Therefore, after the temperature management device 1 in this embodiment of this application is connected to the battery pack 2, a loop is formed, circularly providing the refrigerant for the battery pack 2 through the compressor 10, condenser 20, expansion valve 30, and pressure regulating valve 40. The monitoring device 50 can monitor the state of the refrigerant at corresponding positions, for example, can monitor temperature, pressure, and amount of the refrigerant, thereby enabling temperature management for the battery pack 2 connected to the temperature management device 1. In this way, a relatively stable temperature is maintained for the battery pack 2, and the temperature management device 1 can be widely used in various test processes for battery packs 2. Particularly, during charge and discharge of battery packs 2, a significant amount of heat is generated. As compared with other cooling methods, temperature of the battery pack 2 drops faster by using the refrigerant in the embodiments of this application.
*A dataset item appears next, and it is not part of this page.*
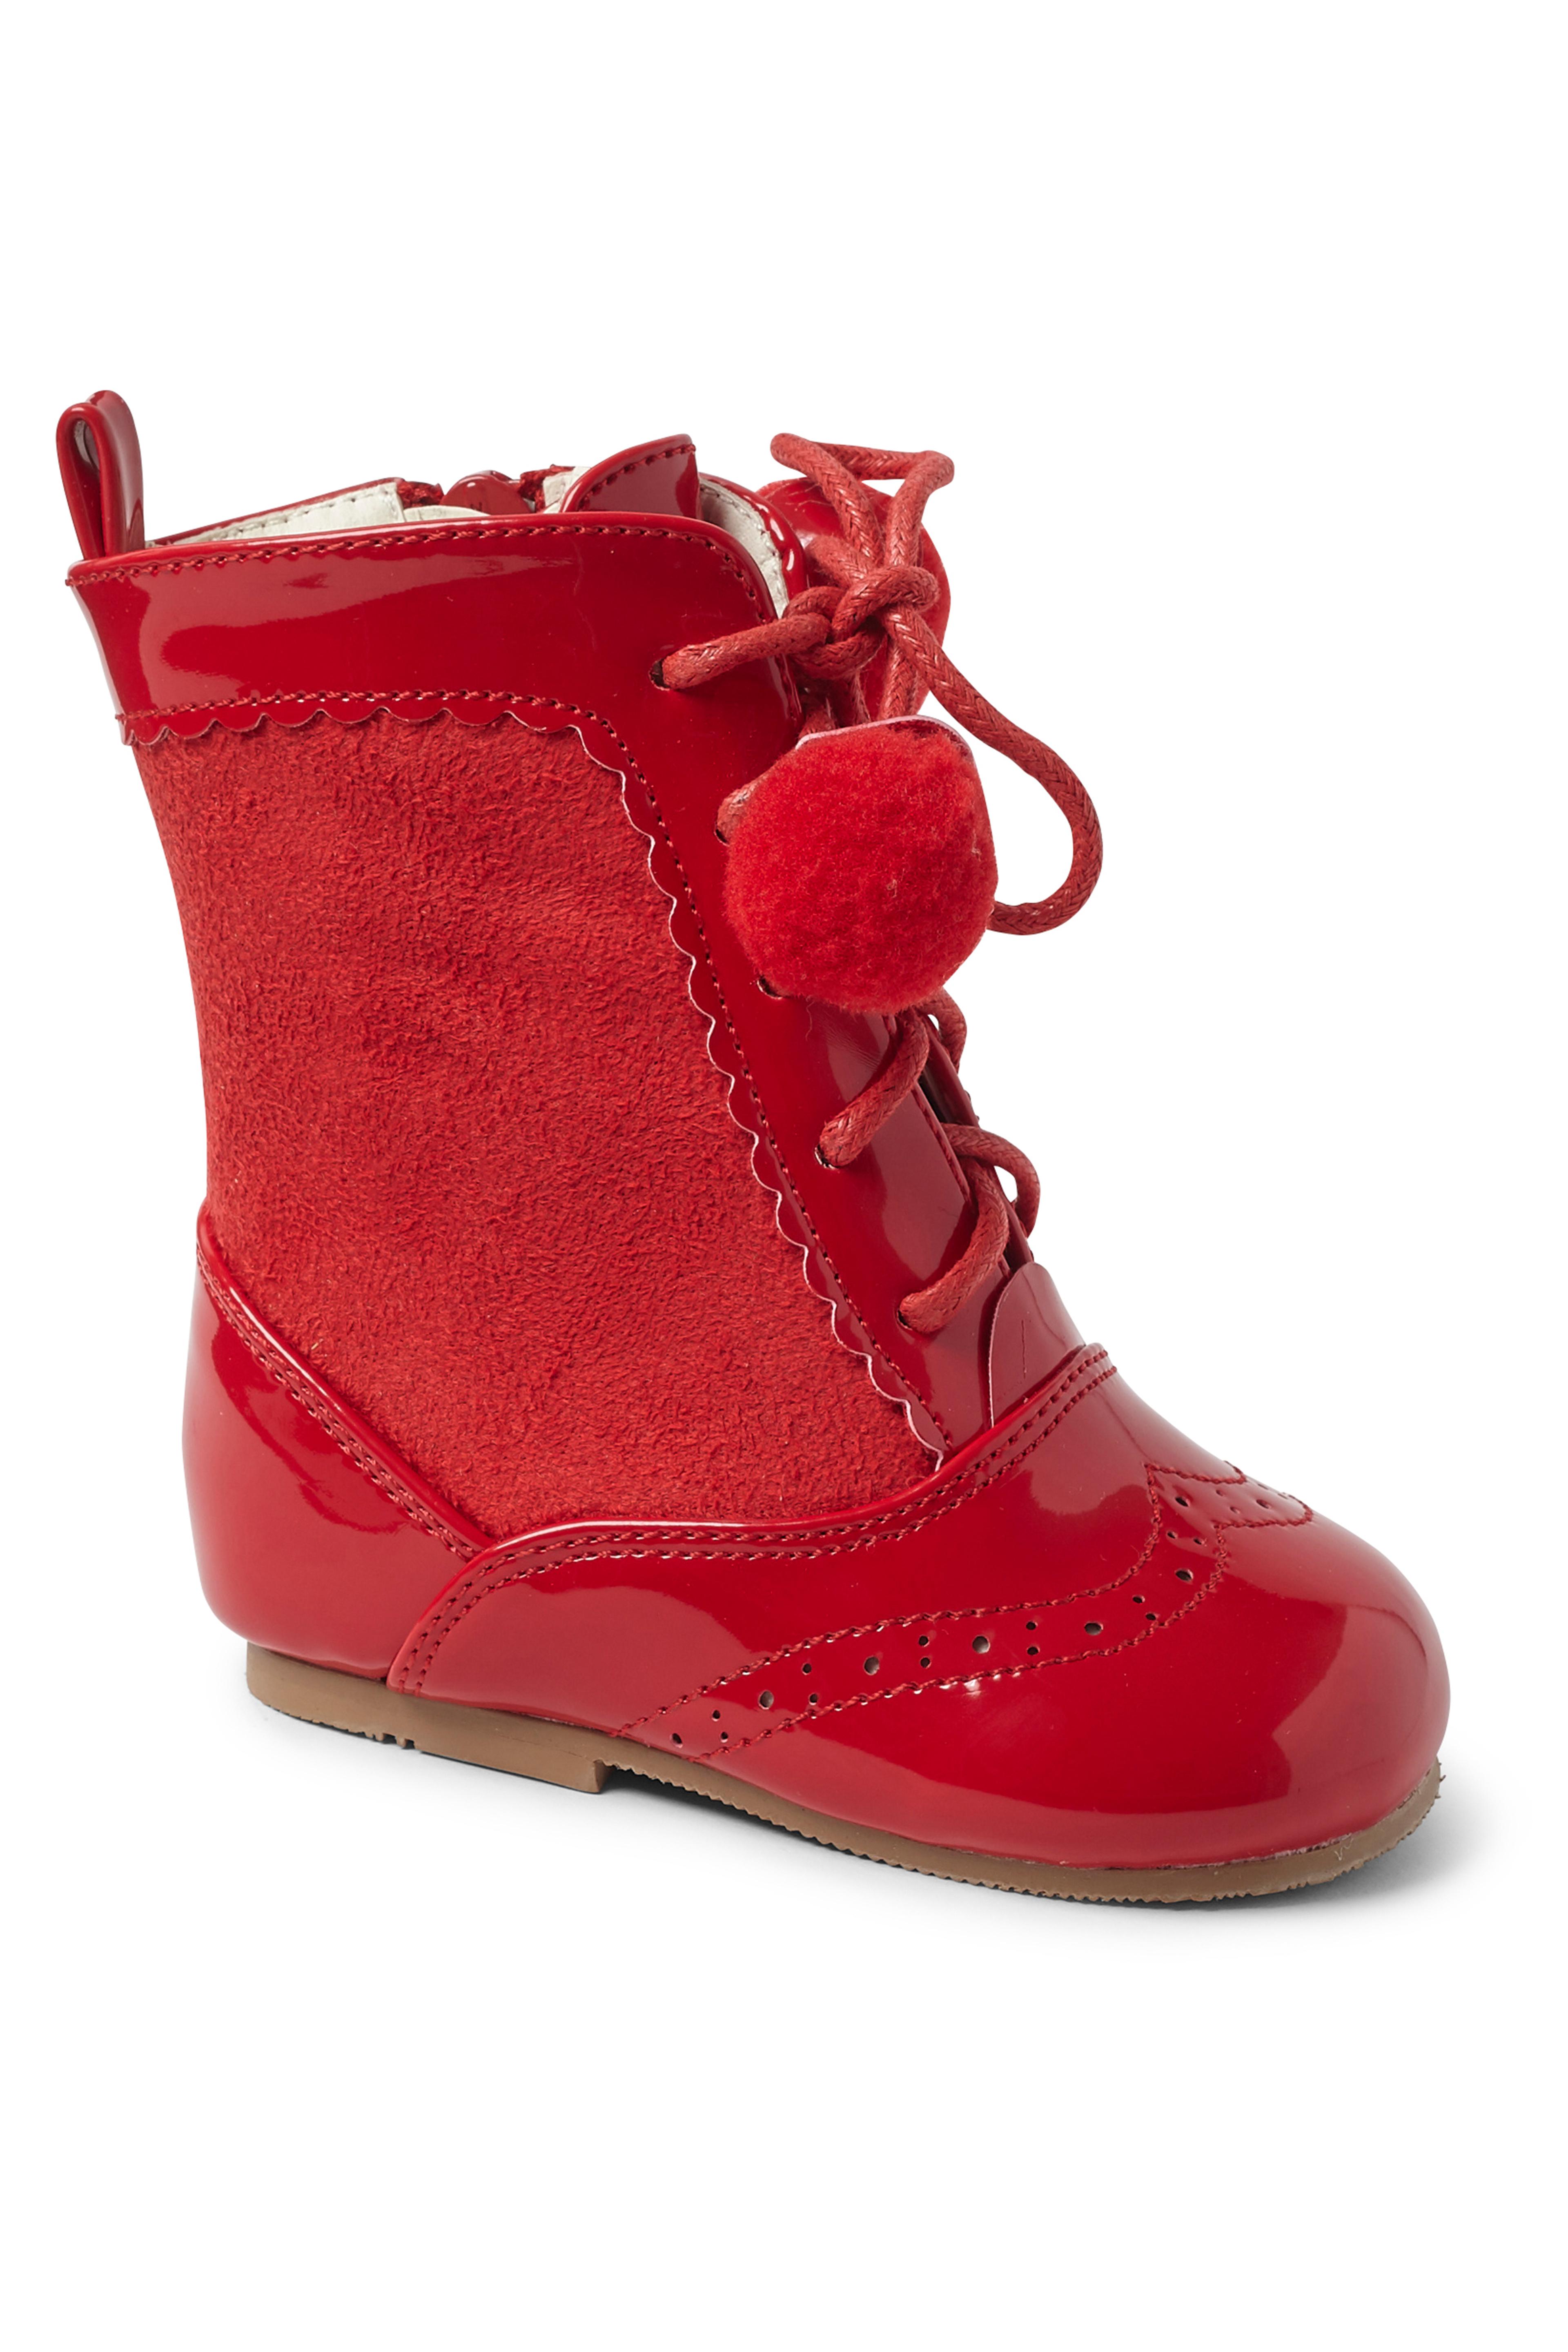 Kinder Lackleder Sienna Brogue Stiefel mit Schnürung und Pom-Pom Details, Unisex Klassische Schuhe - Rot

The following describes the temperature management device 1 in this embodiment of this application in detail with reference to accompanying drawings. FIG. 2 is a schematic block diagram of a temperature management device 1 performing temperature management for a battery pack 2 according to an embodiment of this application. FIG. 3 is another schematic block diagram of a temperature management device 1 performing temperature management for a battery pack 2 according to an embodiment of this application.

It should be understood that in this embodiment of this application, both the first port 22 and the battery pack 2 and the second port 12 and the battery pack 2 are detachably connected, allowing the temperature management device 1 to perform temperature management on different battery packs. For example, the temperature management device 1 may be configured to separately perform, at different times, temperature management for multiple battery packs cooled by a refrigerant, so as to test the multiple battery packs. The temperature management device 1 can be reused, and easy to dismount and mount.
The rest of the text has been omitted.